Overland Navigator software has been a big help in navigating mazes of back country trails. Plus, it's nice to have a mounted laptop for TBI tuning and troubleshooting.


  • Grant custom steering wheel
  • BestTop sport seats with manual seat brackets
  • Steel Horse center console
  • Rear map light conversion
  • Steel cable and carabiner cargo tie-down system
TC on Engineer Pass, 2002 Ouray FSJ Invasion
My back never liked the stock seats but loves those water-proof BestTops. The center console isn't for security but my elbow loves the padding. The rear map light seemed like a good idea, but nobody's ever needed it.


  • Hella H4 e-code headlights
  • Warn 610 spot lights and 620 flood lights, front 
  • Warn 520 flood lights, rear
  • Cheap LED driving lights from ebay
The Warn lights came in handy on one crazy trail run in Moab that ran way into the night. Their bright swath of light cutting through the blackness of night and illuminating Golden Crack was a true reassurance on a night when when several of the rigs were limping with many hours and miles left.

Off-Road Extras

  • On-Board Air, York compressor, 4WD Products air tank, and ARB solenoid / locker
  • Valley Industries swing-away spare tire carrier / jerry can holder
  • Wilderness safari rack, dual gas can carriers, hi-lift, and shovel mounts
  • Killer32 front and rear dual-tube steel bumpers
  • Warn 2" receiver shackle, rear; tow hooks, front
  • Warn XD9000i 4.6hp winch and recovery kit
  • Hi-lift jack and an ancient, free junkyard shovel
Holy Cross, 2004
I've really only needed the winch very few times. It's the High-Lift or the strap that gets me and others out of trouble 99% of the time. But, the winch works. It easily rescued dad-in-law's pickup from a massive snow bank one time...

The safari rack stores extra gas and water cans, camping gear stuffed into rafting dry-bags, spare axles and driveshafts, and a second 33x9.50 spare tire.

The Valley spare tire carrier was popular back in the day. Mine has held up ok, and so has the body, all things considered. I need a spare a couple times. The gas can a lot more times.

Jeep Robot

Troubled Child can now steer all by itself using a GPS, a couple tiny microcontroller brains, and a big motor to turn the steering wheel.

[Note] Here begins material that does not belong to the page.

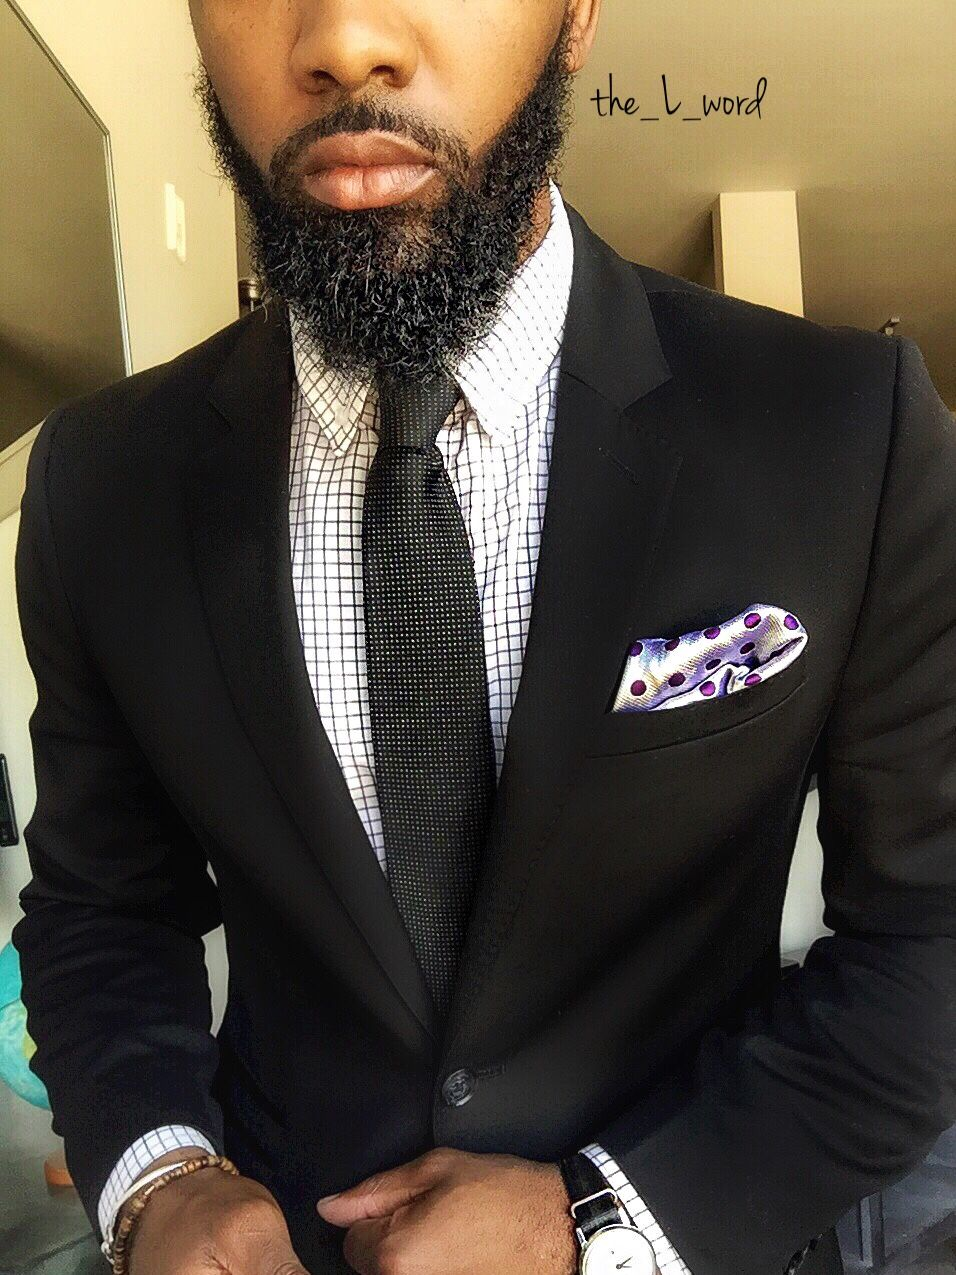 Black Fashion Black Suit Checkered Shirt Polka Dot Pocket Piece Black Beards Fashion Black Fashion [ 1275 x 956 Pixel ]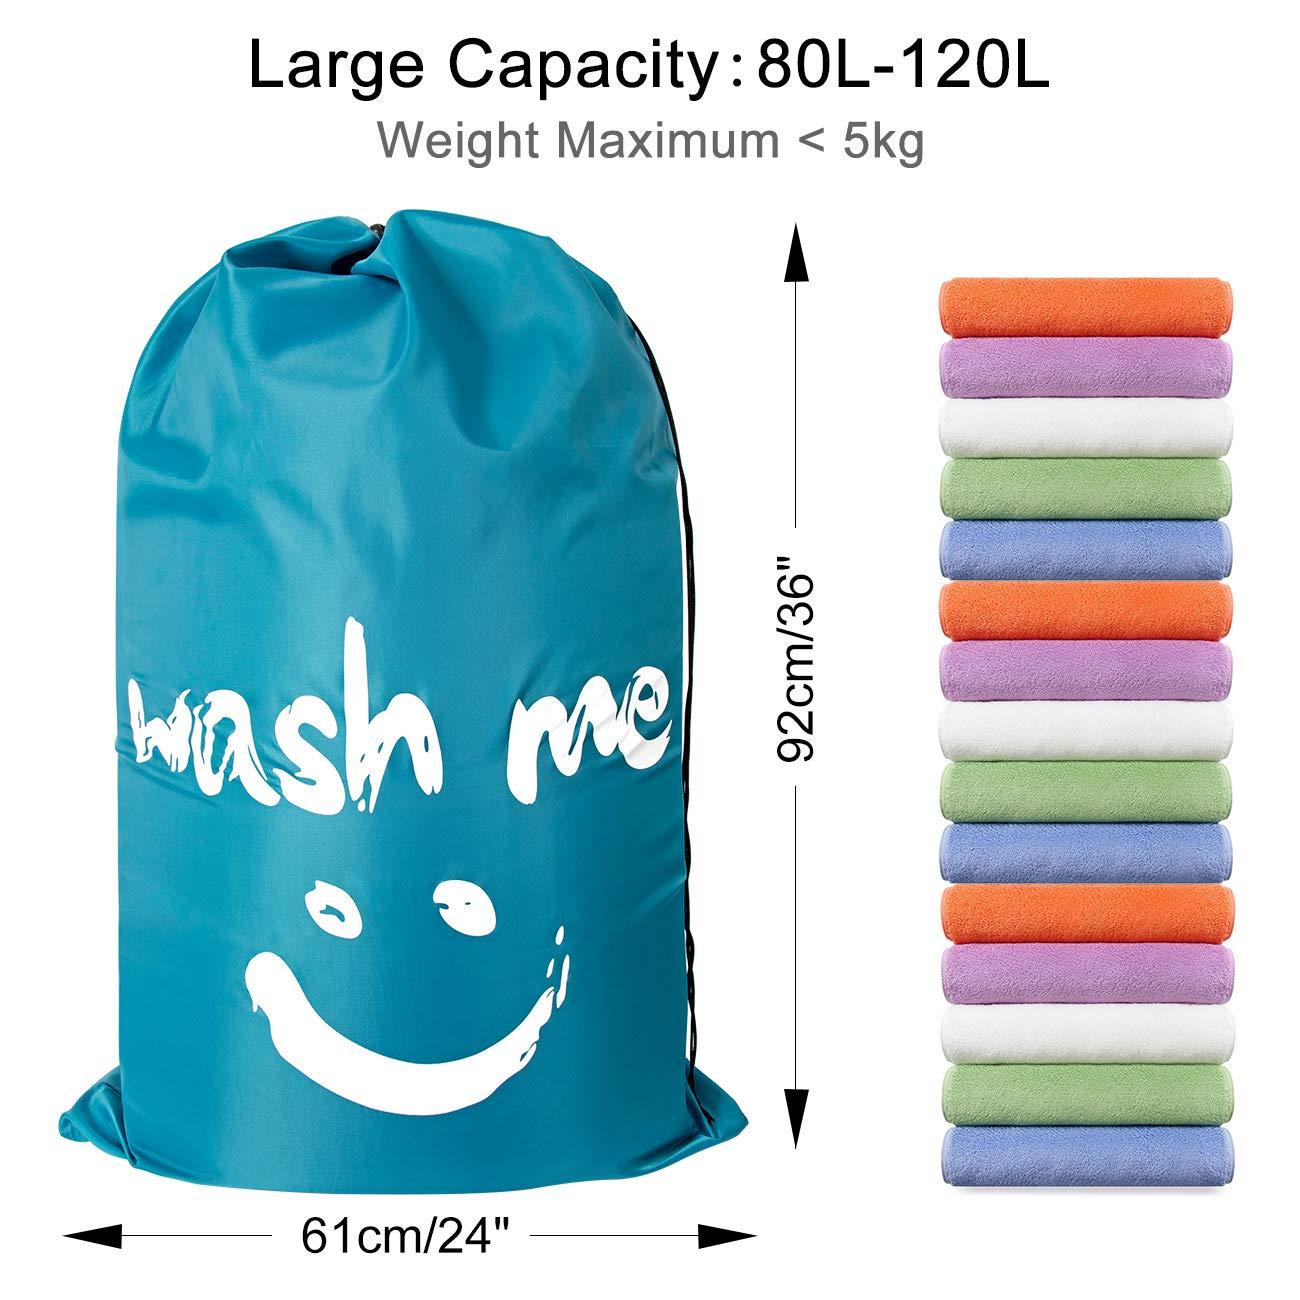 ZERO JET LAG 2 Pack Extra Large Travel Laundry Bag Set Nylon Rip-Stop Dirty Storage Bag Machine Washable Drawstring Closure 24'' x 36'' (Blue and Gray) by ZERO JET LAG (Image #3)

My team converted the Jeep to autonomous steering to enter--and then win--the 2014 Sparkfun Autonomous Vehicle Competition, a sort of mini-DARPA Grand Challenge for self-driving R/C cars.

It also won crowd favorite :) It was the first (and only) full size vehicle to enter. I wrote up the details on my robotics blog.

It's easy to convert back to normal use for driving. In fact, I went four-wheeling several days after the competition.